■ **Available data**:
[Start of Attachment]

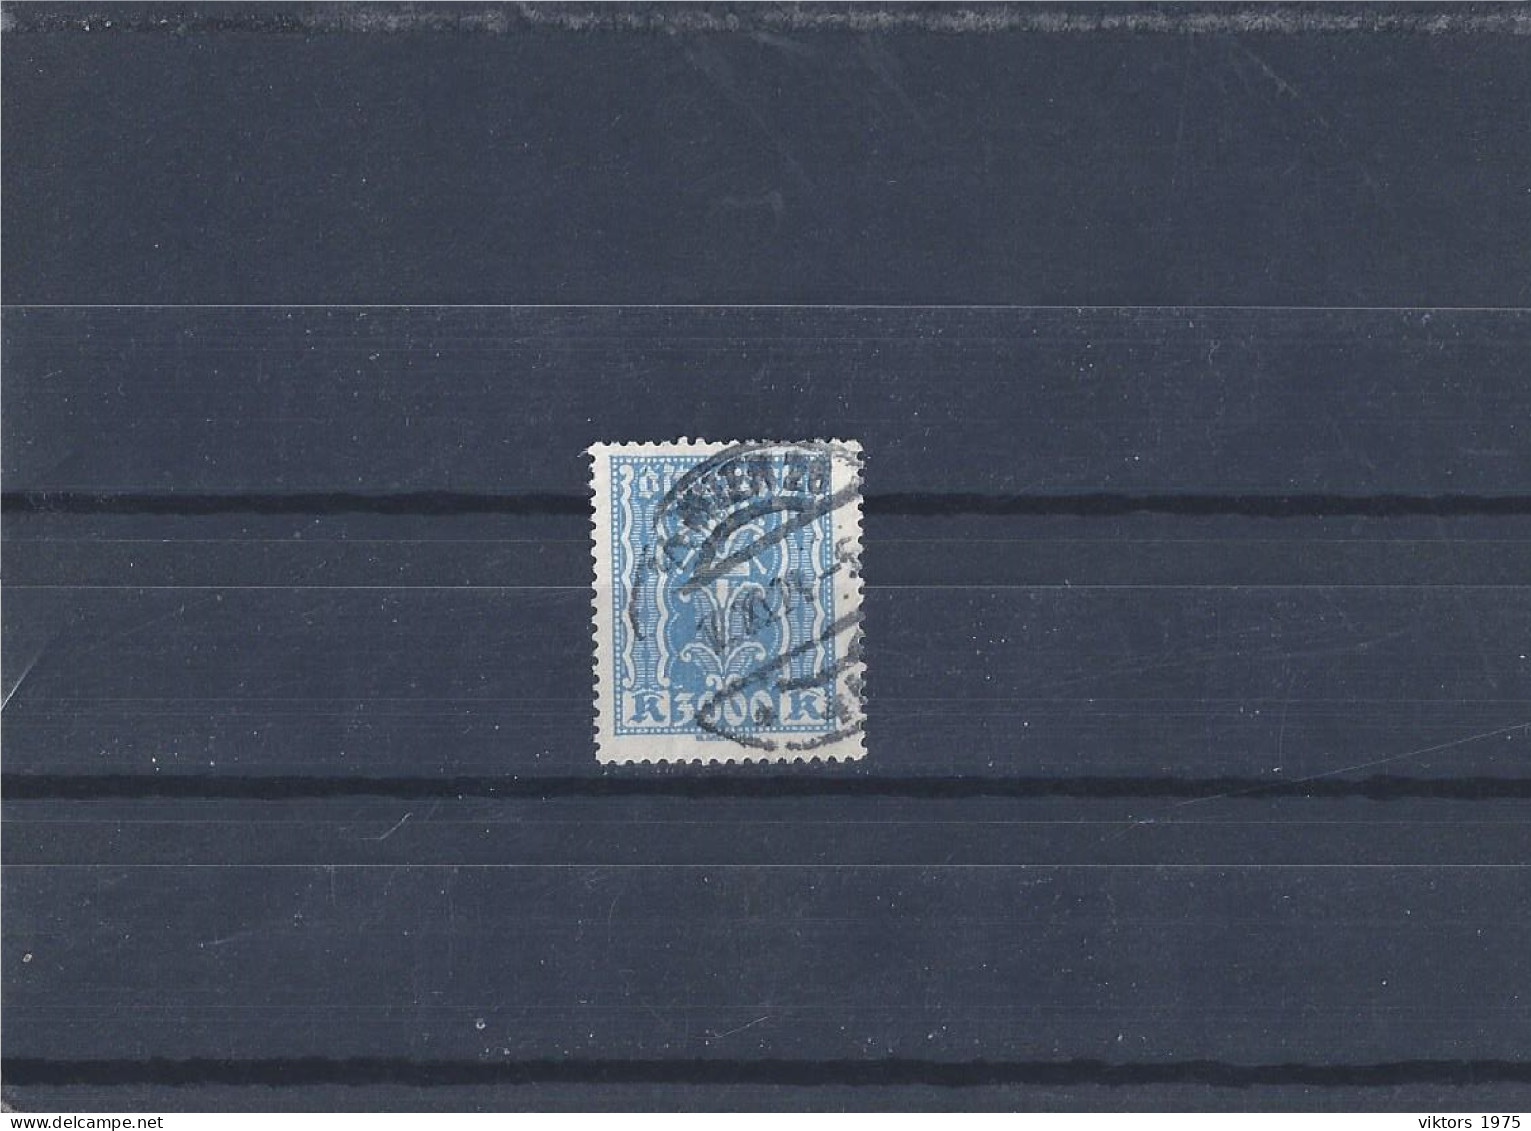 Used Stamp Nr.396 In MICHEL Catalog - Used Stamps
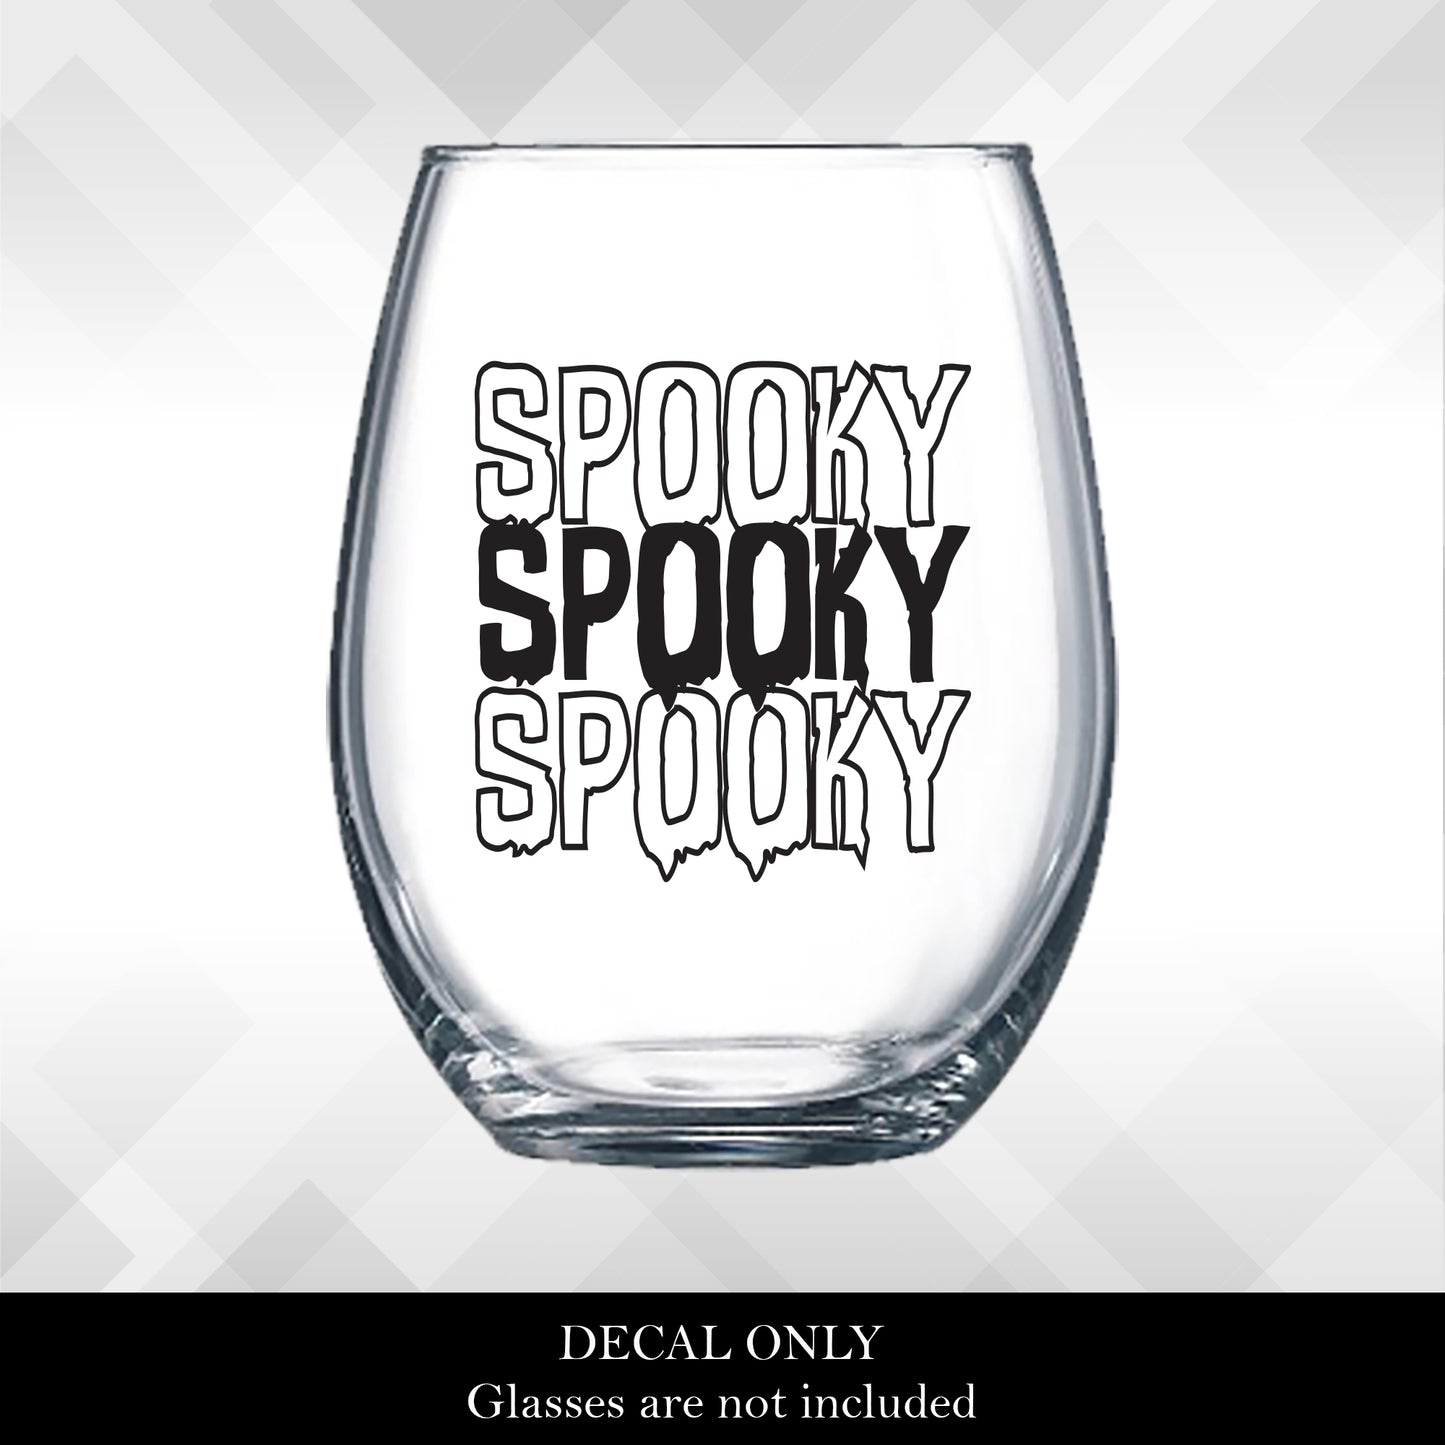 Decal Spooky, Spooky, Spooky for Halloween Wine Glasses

[End of Attachment]
[Start of Attachment]

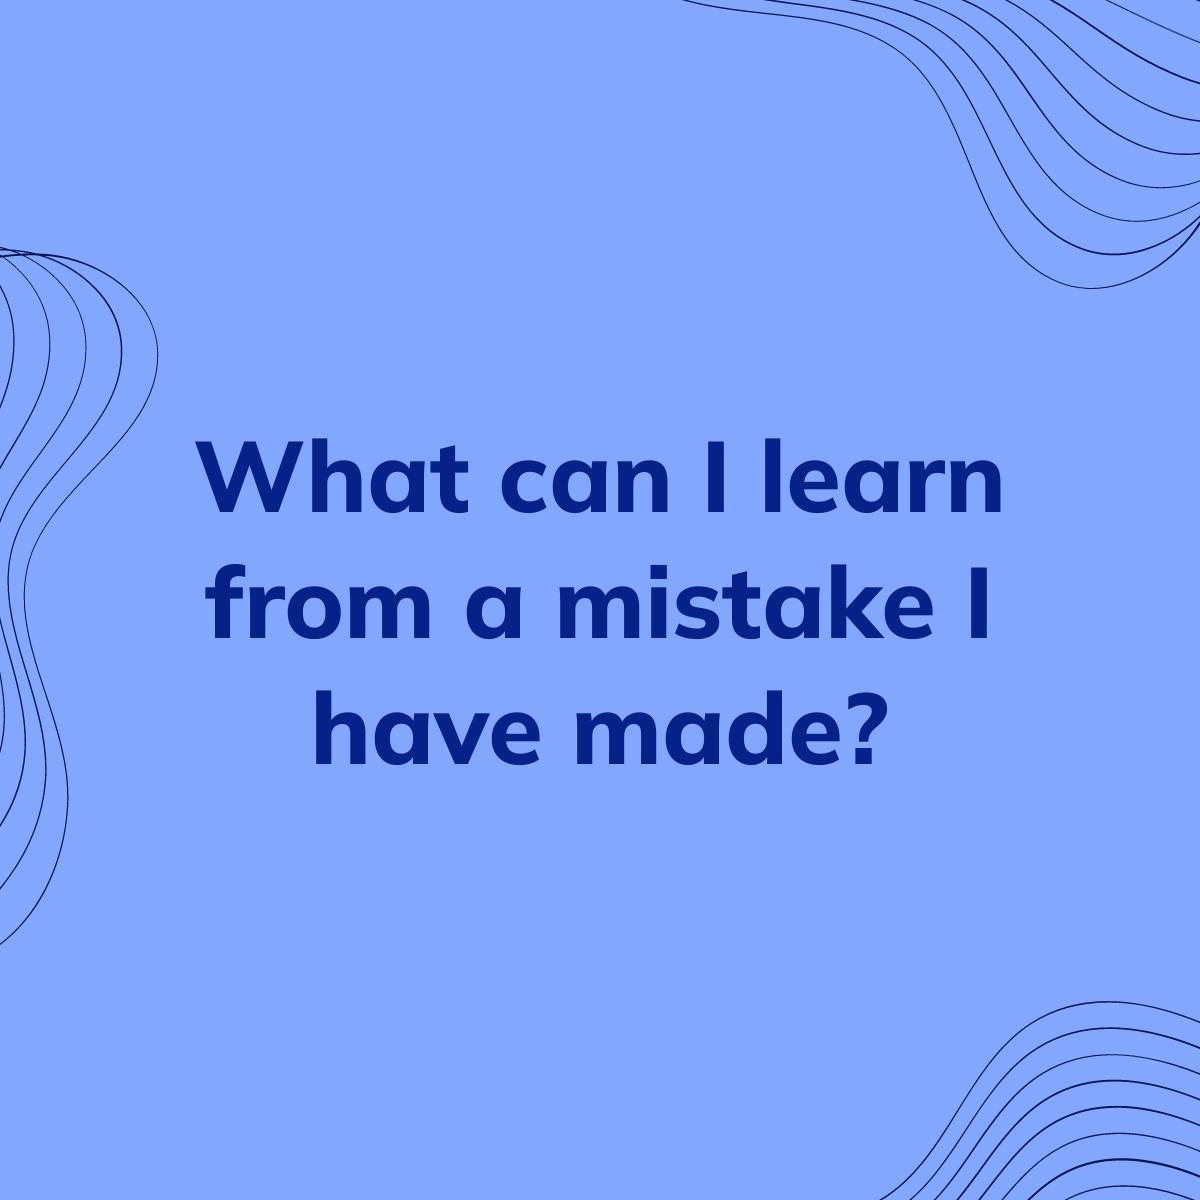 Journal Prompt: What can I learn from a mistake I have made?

[End of Attachment]

■ **Exercise requirements**:
Find the line with "Used Stamp Nr.396" and the line with "Decal Spooky, Spooky, Spooky" in the records above. Copy both and all lines between them exactly, without pictures.

■ **Exercise solution**:
 Used Stamp Nr.396 In MICHEL Catalog - Used Stamps
 Decal Spooky, Spooky, Spooky for Halloween Wine Glasses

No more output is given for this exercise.